§ **What the task asks**
The entries below must be retyped in full. Keep every word the same.

§ **Dataset excerpts**

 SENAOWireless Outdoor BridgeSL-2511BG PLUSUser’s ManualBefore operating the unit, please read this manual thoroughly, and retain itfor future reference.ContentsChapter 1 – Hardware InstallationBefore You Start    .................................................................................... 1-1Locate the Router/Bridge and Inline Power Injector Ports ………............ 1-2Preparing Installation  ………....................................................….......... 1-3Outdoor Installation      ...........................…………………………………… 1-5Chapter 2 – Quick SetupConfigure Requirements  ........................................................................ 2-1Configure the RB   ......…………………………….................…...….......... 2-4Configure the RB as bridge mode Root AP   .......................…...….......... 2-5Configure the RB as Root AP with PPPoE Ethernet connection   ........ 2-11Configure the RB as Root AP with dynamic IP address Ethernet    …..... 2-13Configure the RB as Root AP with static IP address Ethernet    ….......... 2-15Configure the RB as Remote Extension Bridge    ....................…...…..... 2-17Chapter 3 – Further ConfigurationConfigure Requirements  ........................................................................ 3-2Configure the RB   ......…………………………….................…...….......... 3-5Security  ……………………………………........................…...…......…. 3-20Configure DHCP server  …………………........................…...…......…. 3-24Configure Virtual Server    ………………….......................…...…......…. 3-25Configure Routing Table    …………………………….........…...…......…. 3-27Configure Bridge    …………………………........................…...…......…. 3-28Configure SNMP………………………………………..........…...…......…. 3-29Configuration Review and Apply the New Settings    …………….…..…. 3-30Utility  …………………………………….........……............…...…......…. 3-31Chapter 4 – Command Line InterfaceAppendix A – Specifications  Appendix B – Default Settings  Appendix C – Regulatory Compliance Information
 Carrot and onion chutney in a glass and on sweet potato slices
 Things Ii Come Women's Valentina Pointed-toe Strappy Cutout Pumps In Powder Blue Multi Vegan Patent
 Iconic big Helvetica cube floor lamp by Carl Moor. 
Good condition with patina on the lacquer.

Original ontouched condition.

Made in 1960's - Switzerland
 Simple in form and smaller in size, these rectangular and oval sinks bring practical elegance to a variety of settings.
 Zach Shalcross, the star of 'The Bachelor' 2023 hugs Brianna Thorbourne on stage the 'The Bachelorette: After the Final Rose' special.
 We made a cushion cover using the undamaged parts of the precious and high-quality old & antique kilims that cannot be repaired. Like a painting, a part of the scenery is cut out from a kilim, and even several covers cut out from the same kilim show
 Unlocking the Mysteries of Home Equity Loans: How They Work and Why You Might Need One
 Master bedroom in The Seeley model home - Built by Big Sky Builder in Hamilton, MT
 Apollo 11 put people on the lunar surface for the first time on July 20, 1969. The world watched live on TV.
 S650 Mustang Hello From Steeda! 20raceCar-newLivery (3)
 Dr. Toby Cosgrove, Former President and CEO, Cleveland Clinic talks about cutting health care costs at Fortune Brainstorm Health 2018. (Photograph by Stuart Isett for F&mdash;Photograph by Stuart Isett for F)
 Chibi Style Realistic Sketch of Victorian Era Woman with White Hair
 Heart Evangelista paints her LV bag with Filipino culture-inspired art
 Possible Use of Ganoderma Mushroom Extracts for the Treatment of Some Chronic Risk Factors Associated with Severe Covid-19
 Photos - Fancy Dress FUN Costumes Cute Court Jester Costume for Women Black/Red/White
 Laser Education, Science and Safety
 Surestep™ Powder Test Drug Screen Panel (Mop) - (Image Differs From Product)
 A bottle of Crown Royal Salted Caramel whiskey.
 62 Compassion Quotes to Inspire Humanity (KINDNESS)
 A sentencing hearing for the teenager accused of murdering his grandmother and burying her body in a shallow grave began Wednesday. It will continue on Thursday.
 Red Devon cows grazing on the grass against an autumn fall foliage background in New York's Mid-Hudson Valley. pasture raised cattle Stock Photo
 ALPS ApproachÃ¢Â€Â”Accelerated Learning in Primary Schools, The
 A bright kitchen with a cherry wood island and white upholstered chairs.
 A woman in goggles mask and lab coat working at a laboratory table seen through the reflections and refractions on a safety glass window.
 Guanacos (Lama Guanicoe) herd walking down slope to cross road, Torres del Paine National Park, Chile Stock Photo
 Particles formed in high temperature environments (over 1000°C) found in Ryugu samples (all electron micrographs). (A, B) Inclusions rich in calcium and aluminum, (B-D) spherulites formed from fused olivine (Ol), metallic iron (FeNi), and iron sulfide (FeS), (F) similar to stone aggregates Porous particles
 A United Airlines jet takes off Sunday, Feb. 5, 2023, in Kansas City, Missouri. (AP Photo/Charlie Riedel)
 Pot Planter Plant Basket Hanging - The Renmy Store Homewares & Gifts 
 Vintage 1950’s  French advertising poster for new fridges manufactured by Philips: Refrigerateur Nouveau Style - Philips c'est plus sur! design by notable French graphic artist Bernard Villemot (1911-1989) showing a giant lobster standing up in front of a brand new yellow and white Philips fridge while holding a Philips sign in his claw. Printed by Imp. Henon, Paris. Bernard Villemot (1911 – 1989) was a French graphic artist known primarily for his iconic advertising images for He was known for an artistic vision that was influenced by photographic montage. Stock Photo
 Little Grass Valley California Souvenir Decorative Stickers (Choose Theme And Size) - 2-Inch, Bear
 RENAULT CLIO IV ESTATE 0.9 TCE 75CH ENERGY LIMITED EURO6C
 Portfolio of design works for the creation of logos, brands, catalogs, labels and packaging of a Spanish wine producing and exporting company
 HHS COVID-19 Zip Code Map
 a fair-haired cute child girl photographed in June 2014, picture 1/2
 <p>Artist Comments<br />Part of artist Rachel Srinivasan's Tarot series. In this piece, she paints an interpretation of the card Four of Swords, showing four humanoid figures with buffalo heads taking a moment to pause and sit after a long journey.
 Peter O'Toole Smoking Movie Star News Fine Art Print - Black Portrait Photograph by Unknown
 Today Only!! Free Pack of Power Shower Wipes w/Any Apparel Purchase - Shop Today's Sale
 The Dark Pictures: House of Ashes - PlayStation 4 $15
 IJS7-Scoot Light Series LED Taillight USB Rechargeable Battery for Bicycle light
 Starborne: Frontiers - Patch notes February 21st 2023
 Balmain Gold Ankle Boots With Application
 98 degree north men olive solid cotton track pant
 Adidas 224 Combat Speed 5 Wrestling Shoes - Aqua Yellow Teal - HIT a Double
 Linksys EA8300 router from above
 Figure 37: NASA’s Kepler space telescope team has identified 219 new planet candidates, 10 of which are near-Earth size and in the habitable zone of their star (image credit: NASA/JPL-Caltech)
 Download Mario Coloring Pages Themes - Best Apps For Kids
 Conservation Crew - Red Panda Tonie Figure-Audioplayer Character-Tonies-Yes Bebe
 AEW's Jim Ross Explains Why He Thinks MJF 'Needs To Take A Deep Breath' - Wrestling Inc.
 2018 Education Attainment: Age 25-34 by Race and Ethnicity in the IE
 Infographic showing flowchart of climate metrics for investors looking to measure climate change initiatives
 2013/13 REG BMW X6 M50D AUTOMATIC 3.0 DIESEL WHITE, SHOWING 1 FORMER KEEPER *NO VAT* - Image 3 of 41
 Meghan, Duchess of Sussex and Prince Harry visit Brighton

§ **Solution for this task**
 SENAOWireless Outdoor BridgeSL-2511BG PLUSUser’s ManualBefore operating the unit, please read this manual thoroughly, and retain itfor future reference.ContentsChapter 1 – Hardware InstallationBefore You Start    .................................................................................... 1-1Locate the Router/Bridge and Inline Power Injector Ports ………............ 1-2Preparing Installation  ………....................................................….......... 1-3Outdoor Installation      ...........................…………………………………… 1-5Chapter 2 – Quick SetupConfigure Requirements  ........................................................................ 2-1Configure the RB   ......…………………………….................…...….......... 2-4Configure the RB as bridge mode Root AP   .......................…...….......... 2-5Configure the RB as Root AP with PPPoE Ethernet connection   ........ 2-11Configure the RB as Root AP with dynamic IP address Ethernet    …..... 2-13Configure the RB as Root AP with static IP address Ethernet    ….......... 2-15Configure the RB as Remote Extension Bridge    ....................…...…..... 2-17Chapter 3 – Further ConfigurationConfigure Requirements  ........................................................................ 3-2Configure the RB   ......…………………………….................…...….......... 3-5Security  ……………………………………........................…...…......…. 3-20Configure DHCP server  …………………........................…...…......…. 3-24Configure Virtual Server    ………………….......................…...…......…. 3-25Configure Routing Table    …………………………….........…...…......…. 3-27Configure Bridge    …………………………........................…...…......…. 3-28Configure SNMP………………………………………..........…...…......…. 3-29Configuration Review and Apply the New Settings    …………….…..…. 3-30Utility  …………………………………….........……............…...…......…. 3-31Chapter 4 – Command Line InterfaceAppendix A – Specifications  Appendix B – Default Settings  Appendix C – Regulatory Compliance Information
 Carrot and onion chutney in a glass and on sweet potato slices
 Things Ii Come Women's Valentina Pointed-toe Strappy Cutout Pumps In Powder Blue Multi Vegan Patent
 Iconic big Helvetica cube floor lamp by Carl Moor. 
Good condition with patina on the lacquer.

Original ontouched condition.

Made in 1960's - Switzerland
 Simple in form and smaller in size, these rectangular and oval sinks bring practical elegance to a variety of settings.
 Zach Shalcross, the star of 'The Bachelor' 2023 hugs Brianna Thorbourne on stage the 'The Bachelorette: After the Final Rose' special.
 We made a cushion cover using the undamaged parts of the precious and high-quality old & antique kilims that cannot be repaired. Like a painting, a part of the scenery is cut out from a kilim, and even several covers cut out from the same kilim show
 Unlocking the Mysteries of Home Equity Loans: How They Work and Why You Might Need One
 Master bedroom in The Seeley model home - Built by Big Sky Builder in Hamilton, MT
 Apollo 11 put people on the lunar surface for the first time on July 20, 1969. The world watched live on TV.
 S650 Mustang Hello From Steeda! 20raceCar-newLivery (3)
 Dr. Toby Cosgrove, Former President and CEO, Cleveland Clinic talks about cutting health care costs at Fortune Brainstorm Health 2018. (Photograph by Stuart Isett for F&mdash;Photograph by Stuart Isett for F)
 Chibi Style Realistic Sketch of Victorian Era Woman with White Hair
 Heart Evangelista paints her LV bag with Filipino culture-inspired art
 Possible Use of Ganoderma Mushroom Extracts for the Treatment of Some Chronic Risk Factors Associated with Severe Covid-19
 Photos - Fancy Dress FUN Costumes Cute Court Jester Costume for Women Black/Red/White
 Laser Education, Science and Safety
 Surestep™ Powder Test Drug Screen Panel (Mop) - (Image Differs From Product)
 A bottle of Crown Royal Salted Caramel whiskey.
 62 Compassion Quotes to Inspire Humanity (KINDNESS)
 A sentencing hearing for the teenager accused of murdering his grandmother and burying her body in a shallow grave began Wednesday. It will continue on Thursday.
 Red Devon cows grazing on the grass against an autumn fall foliage background in New York's Mid-Hudson Valley. pasture raised cattle Stock Photo
 ALPS ApproachÃ¢Â€Â”Accelerated Learning in Primary Schools, The
 A bright kitchen with a cherry wood island and white upholstered chairs.
 A woman in goggles mask and lab coat working at a laboratory table seen through the reflections and refractions on a safety glass window.
 Guanacos (Lama Guanicoe) herd walking down slope to cross road, Torres del Paine National Park, Chile Stock Photo
 Particles formed in high temperature environments (over 1000°C) found in Ryugu samples (all electron micrographs). (A, B) Inclusions rich in calcium and aluminum, (B-D) spherulites formed from fused olivine (Ol), metallic iron (FeNi), and iron sulfide (FeS), (F) similar to stone aggregates Porous particles
 A United Airlines jet takes off Sunday, Feb. 5, 2023, in Kansas City, Missouri. (AP Photo/Charlie Riedel)
 Pot Planter Plant Basket Hanging - The Renmy Store Homewares & Gifts 
 Vintage 1950’s  French advertising poster for new fridges manufactured by Philips: Refrigerateur Nouveau Style - Philips c'est plus sur! design by notable French graphic artist Bernard Villemot (1911-1989) showing a giant lobster standing up in front of a brand new yellow and white Philips fridge while holding a Philips sign in his claw. Printed by Imp. Henon, Paris. Bernard Villemot (1911 – 1989) was a French graphic artist known primarily for his iconic advertising images for He was known for an artistic vision that was influenced by photographic montage. Stock Photo
 Little Grass Valley California Souvenir Decorative Stickers (Choose Theme And Size) - 2-Inch, Bear
 RENAULT CLIO IV ESTATE 0.9 TCE 75CH ENERGY LIMITED EURO6C
 Portfolio of design works for the creation of logos, brands, catalogs, labels and packaging of a Spanish wine producing and exporting company
 HHS COVID-19 Zip Code Map
 a fair-haired cute child girl photographed in June 2014, picture 1/2
 <p>Artist Comments<br />Part of artist Rachel Srinivasan's Tarot series. In this piece, she paints an interpretation of the card Four of Swords, showing four humanoid figures with buffalo heads taking a moment to pause and sit after a long journey.
 Peter O'Toole Smoking Movie Star News Fine Art Print - Black Portrait Photograph by Unknown
 Today Only!! Free Pack of Power Shower Wipes w/Any Apparel Purchase - Shop Today's Sale
 The Dark Pictures: House of Ashes - PlayStation 4 $15
 IJS7-Scoot Light Series LED Taillight USB Rechargeable Battery for Bicycle light
 Starborne: Frontiers - Patch notes February 21st 2023
 Balmain Gold Ankle Boots With Application
 98 degree north men olive solid cotton track pant
 Adidas 224 Combat Speed 5 Wrestling Shoes - Aqua Yellow Teal - HIT a Double
 Linksys EA8300 router from above
 Figure 37: NASA’s Kepler space telescope team has identified 219 new planet candidates, 10 of which are near-Earth size and in the habitable zone of their star (image credit: NASA/JPL-Caltech)
 Download Mario Coloring Pages Themes - Best Apps For Kids
 Conservation Crew - Red Panda Tonie Figure-Audioplayer Character-Tonies-Yes Bebe
 AEW's Jim Ross Explains Why He Thinks MJF 'Needs To Take A Deep Breath' - Wrestling Inc.
 2018 Education Attainment: Age 25-34 by Race and Ethnicity in the IE
 Infographic showing flowchart of climate metrics for investors looking to measure climate change initiatives
 2013/13 REG BMW X6 M50D AUTOMATIC 3.0 DIESEL WHITE, SHOWING 1 FORMER KEEPER *NO VAT* - Image 3 of 41
 Meghan, Duchess of Sussex and Prince Harry visit Brighton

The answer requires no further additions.